Set down every line of the data exactly, skipping the pictures.

**SOURCE DATA:**
• • •

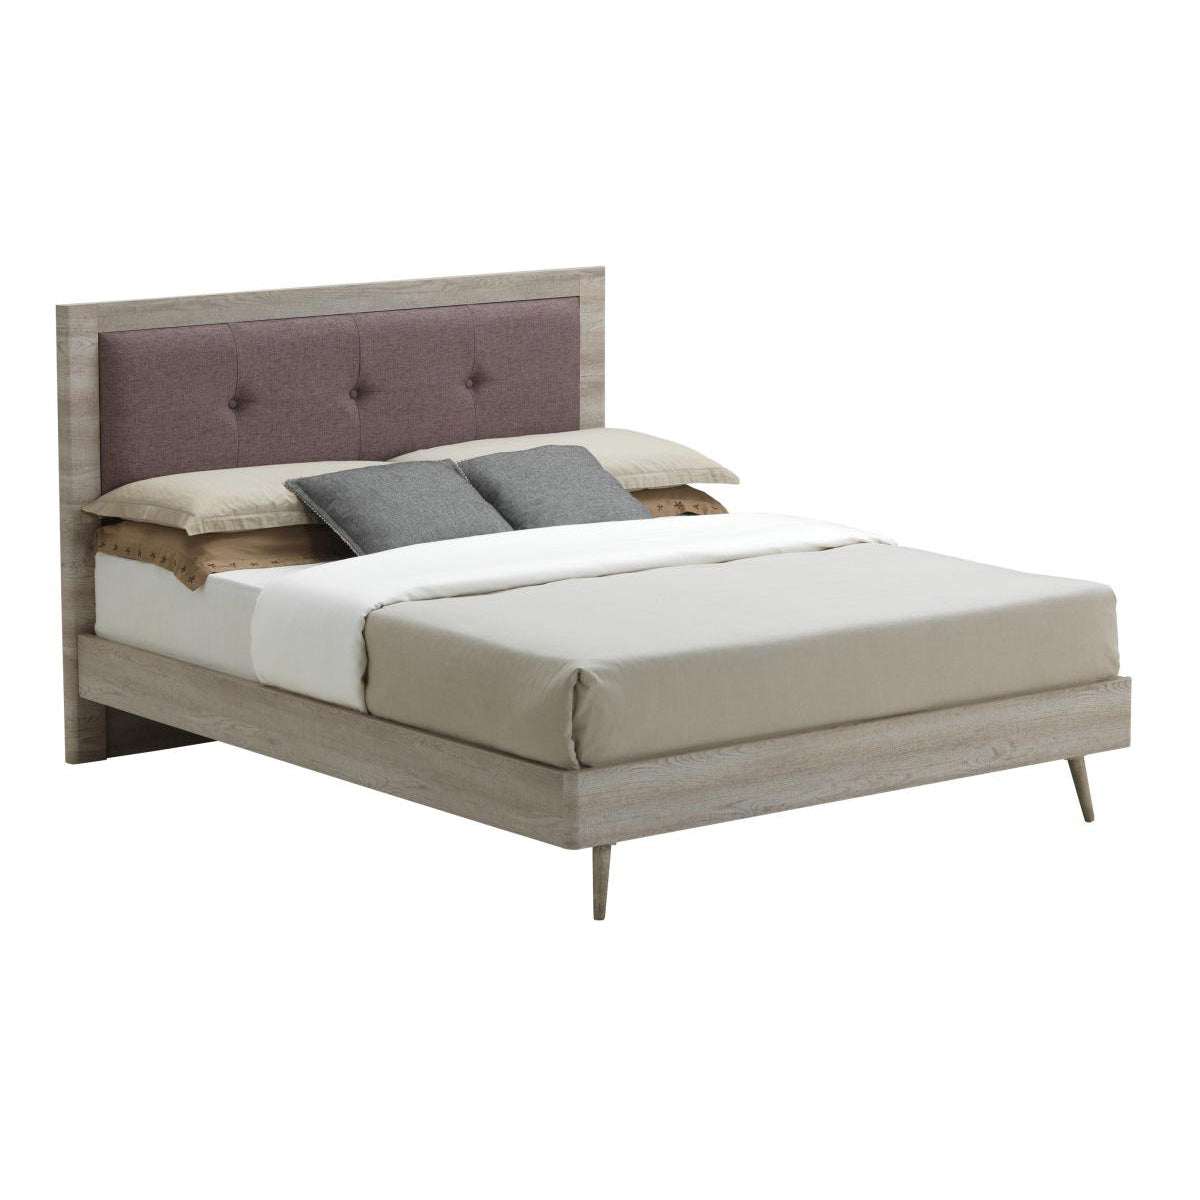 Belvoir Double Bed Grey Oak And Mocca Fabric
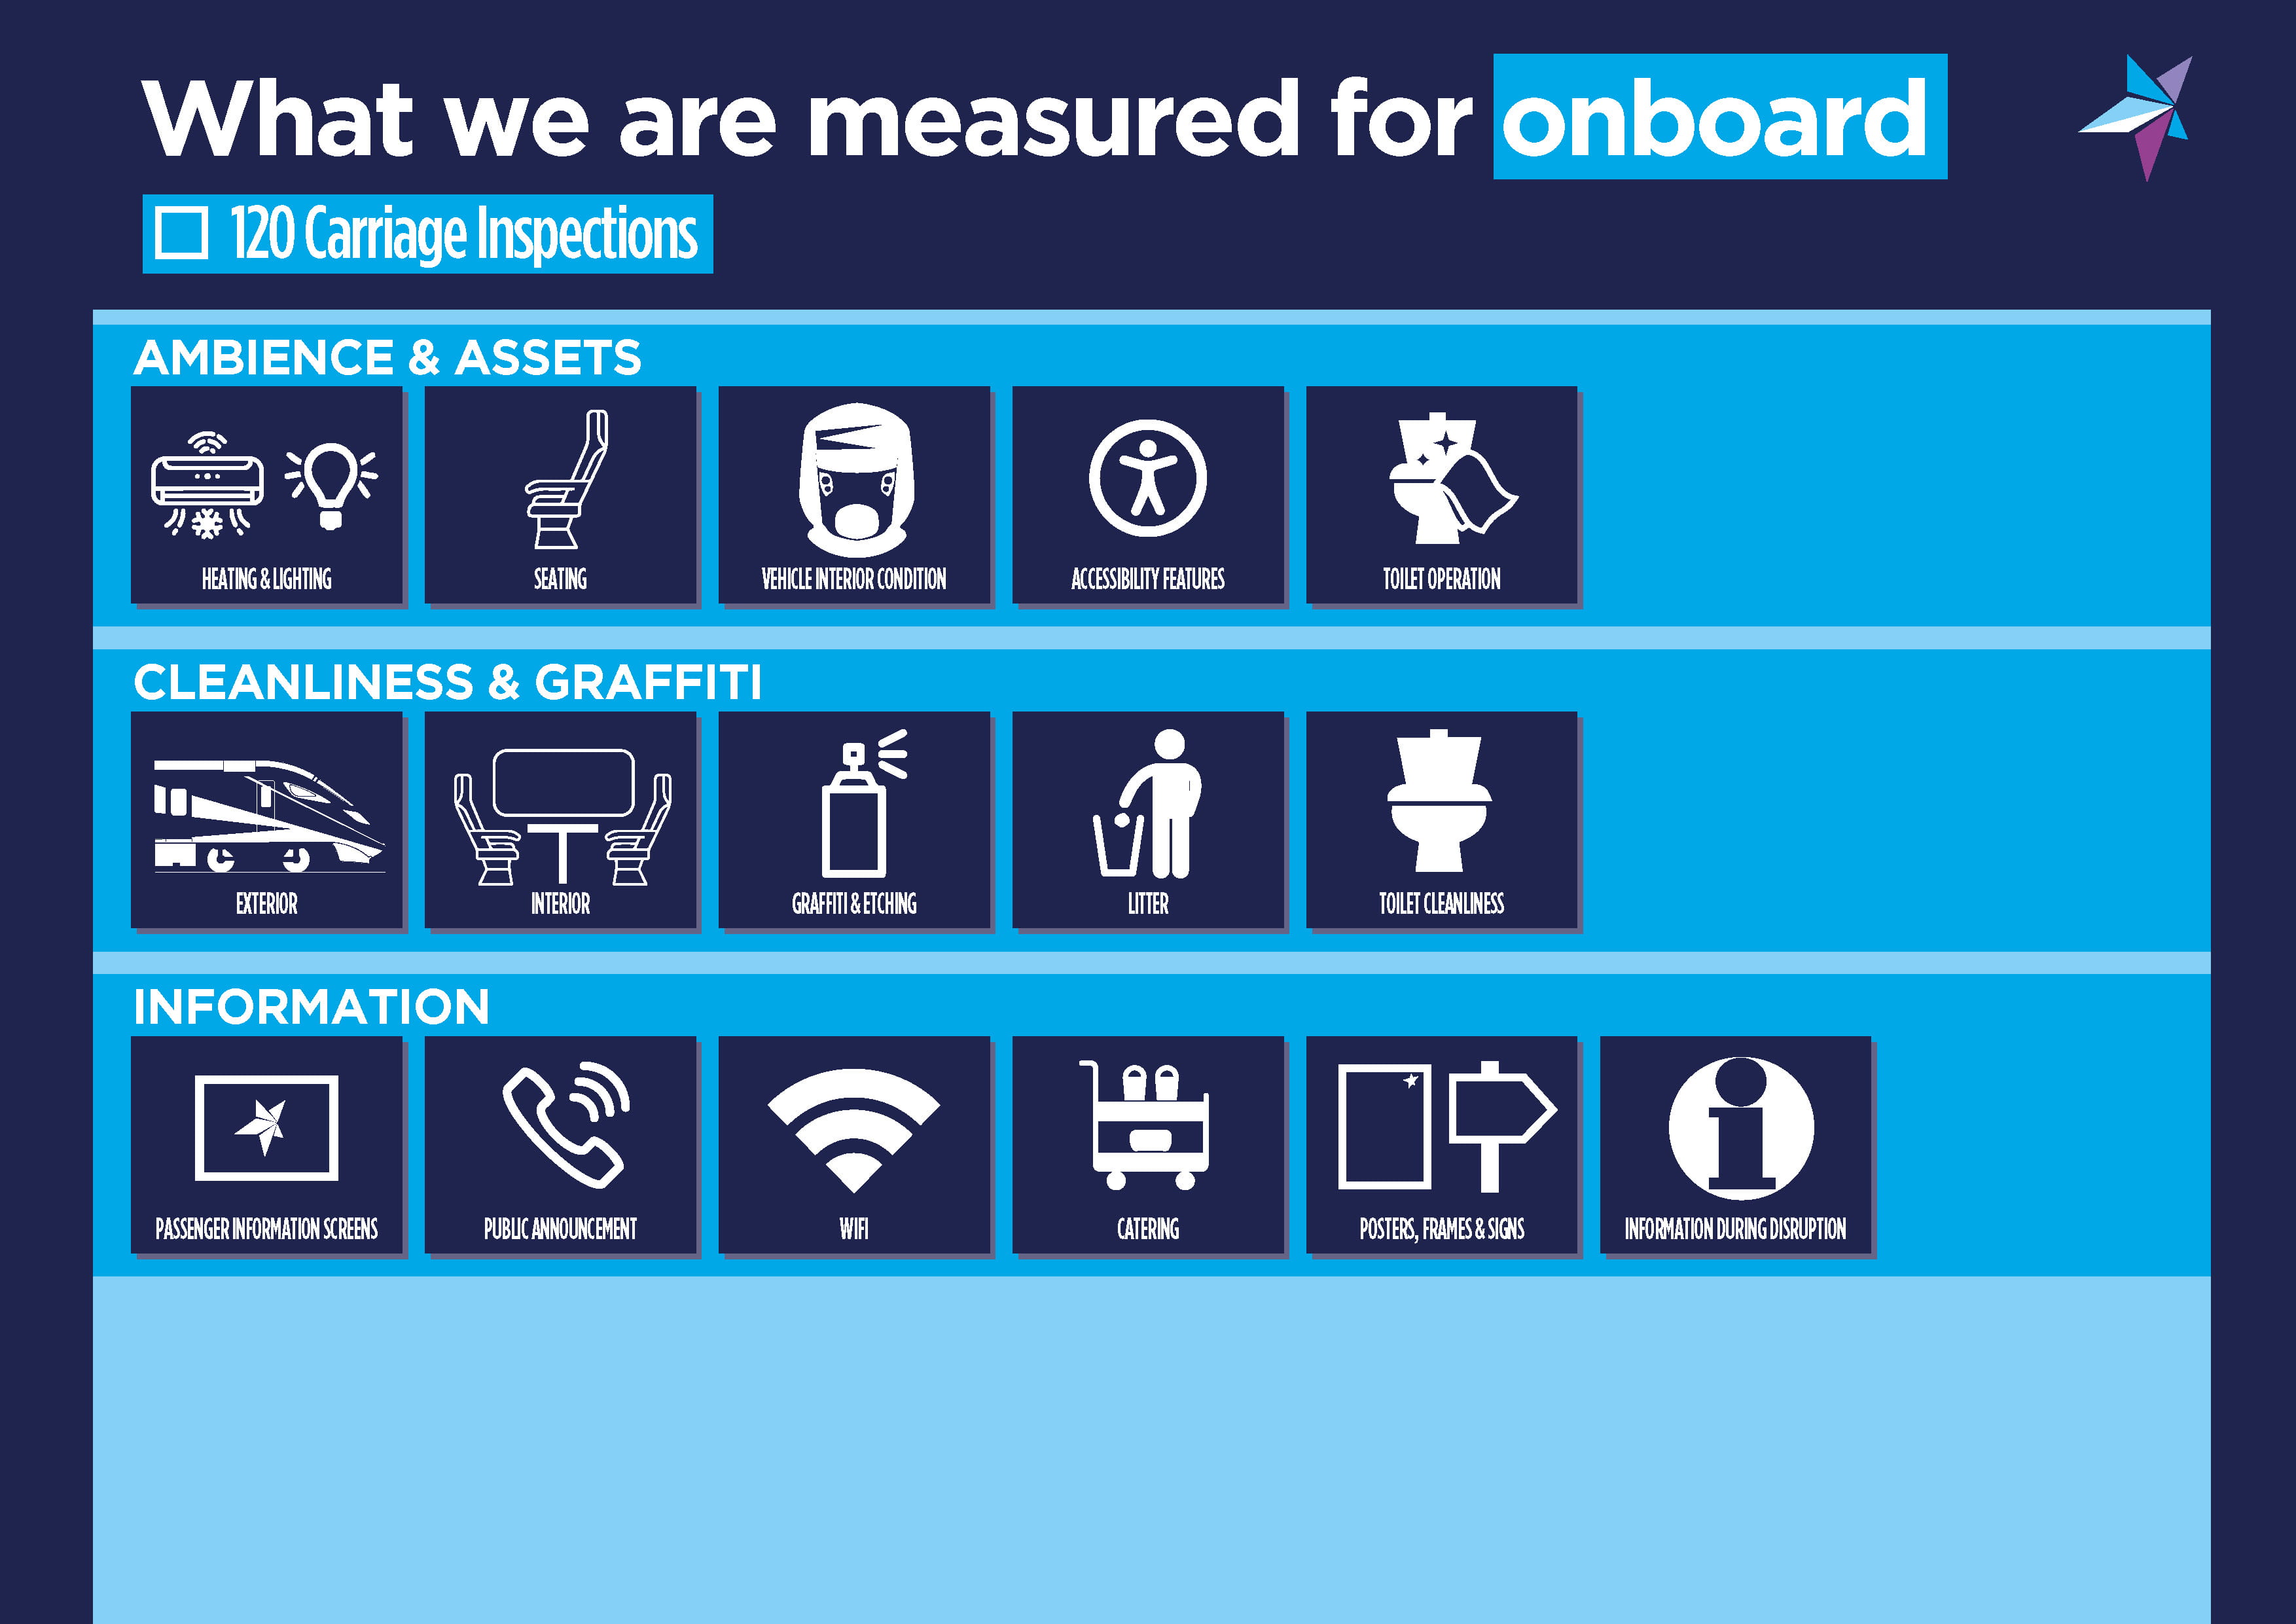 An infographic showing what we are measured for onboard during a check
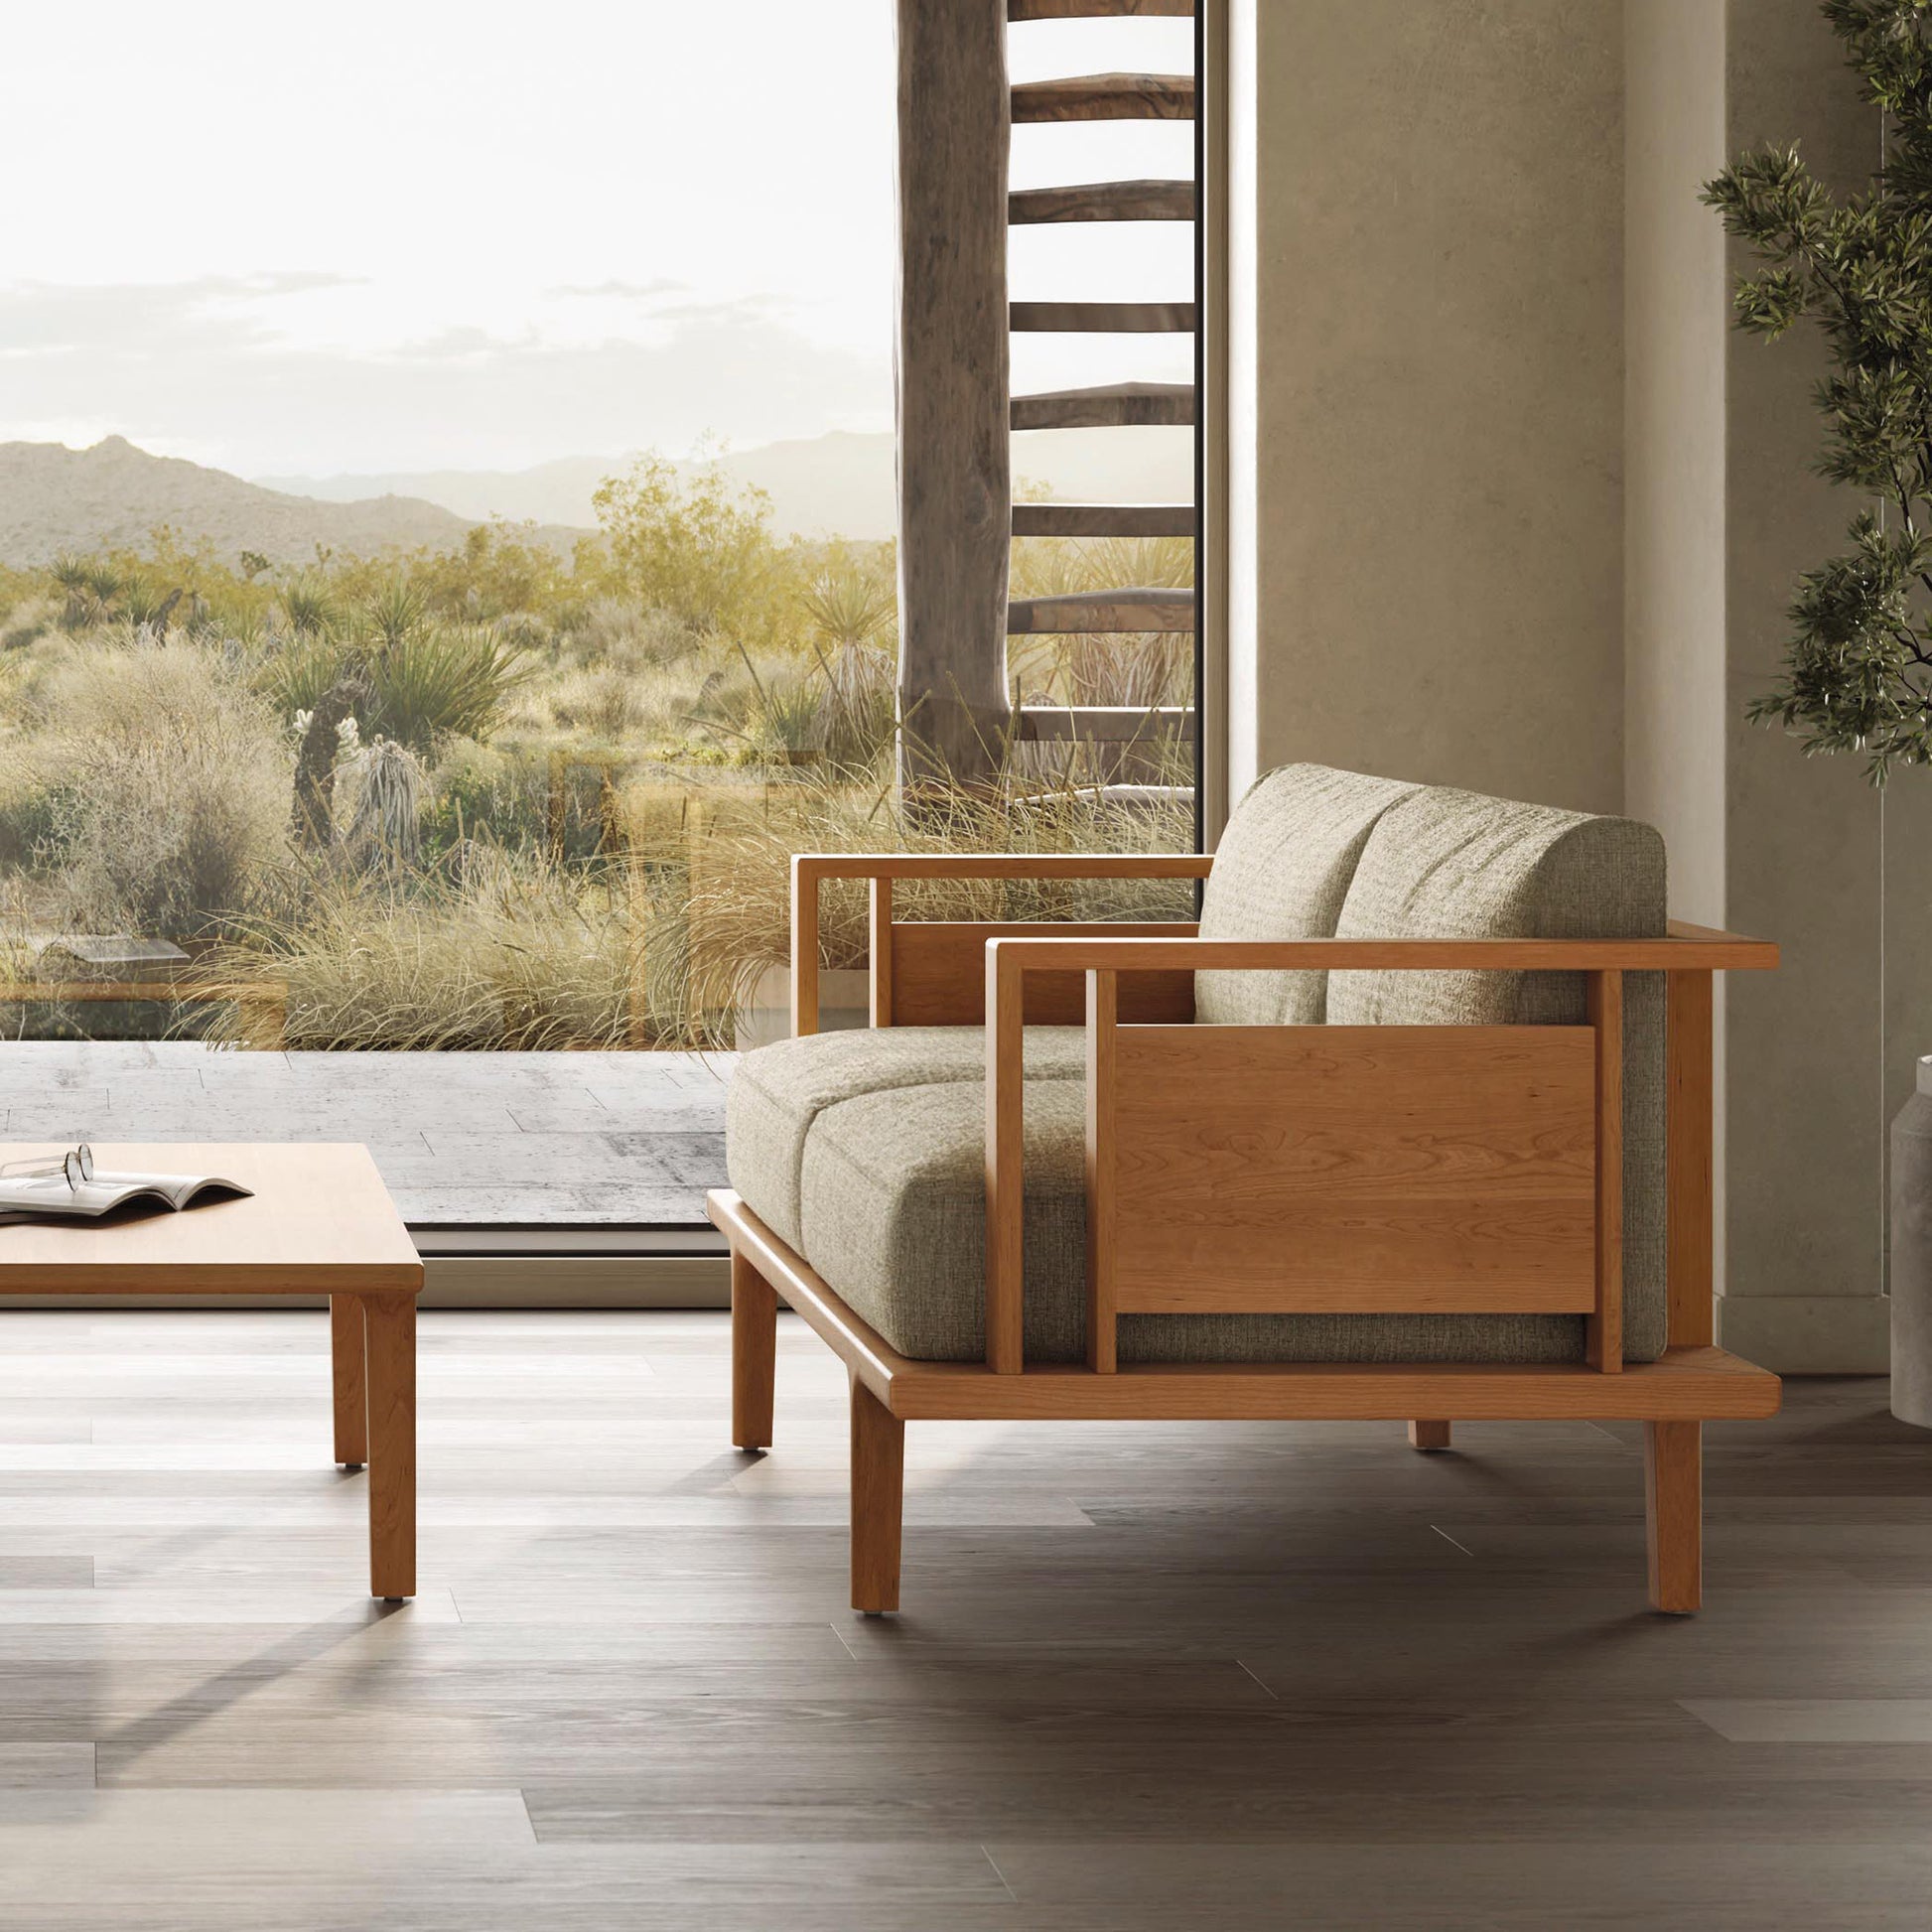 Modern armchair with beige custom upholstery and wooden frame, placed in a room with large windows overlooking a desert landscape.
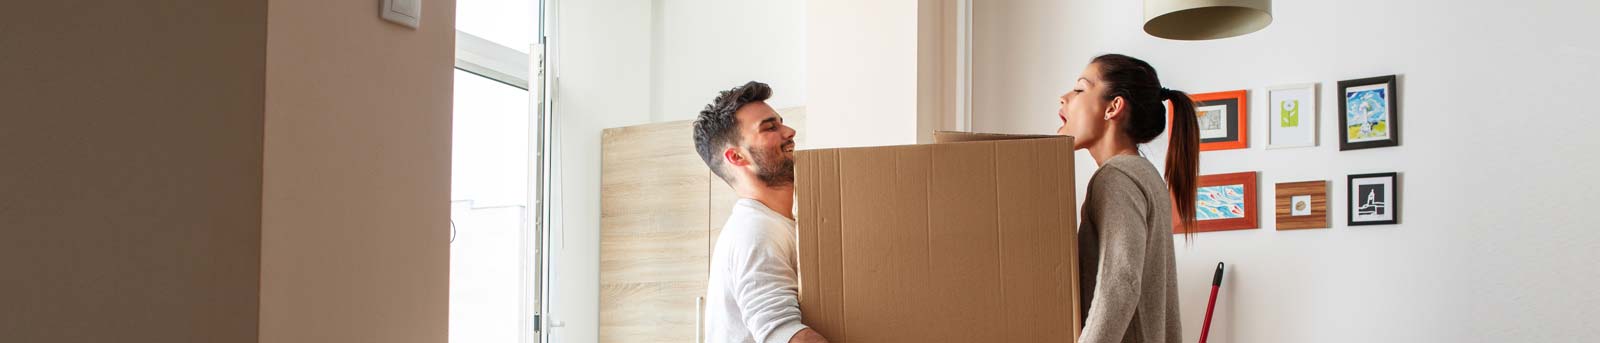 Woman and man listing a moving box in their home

• • •

**SOLUTION:**
 Belvoir Double Bed Grey Oak And Mocca Fabric
 An infographic showing what we are measured for onboard during a check
 Modern armchair with beige custom upholstery and wooden frame, placed in a room with large windows overlooking a desert landscape.
 Woman and man listing a moving box in their home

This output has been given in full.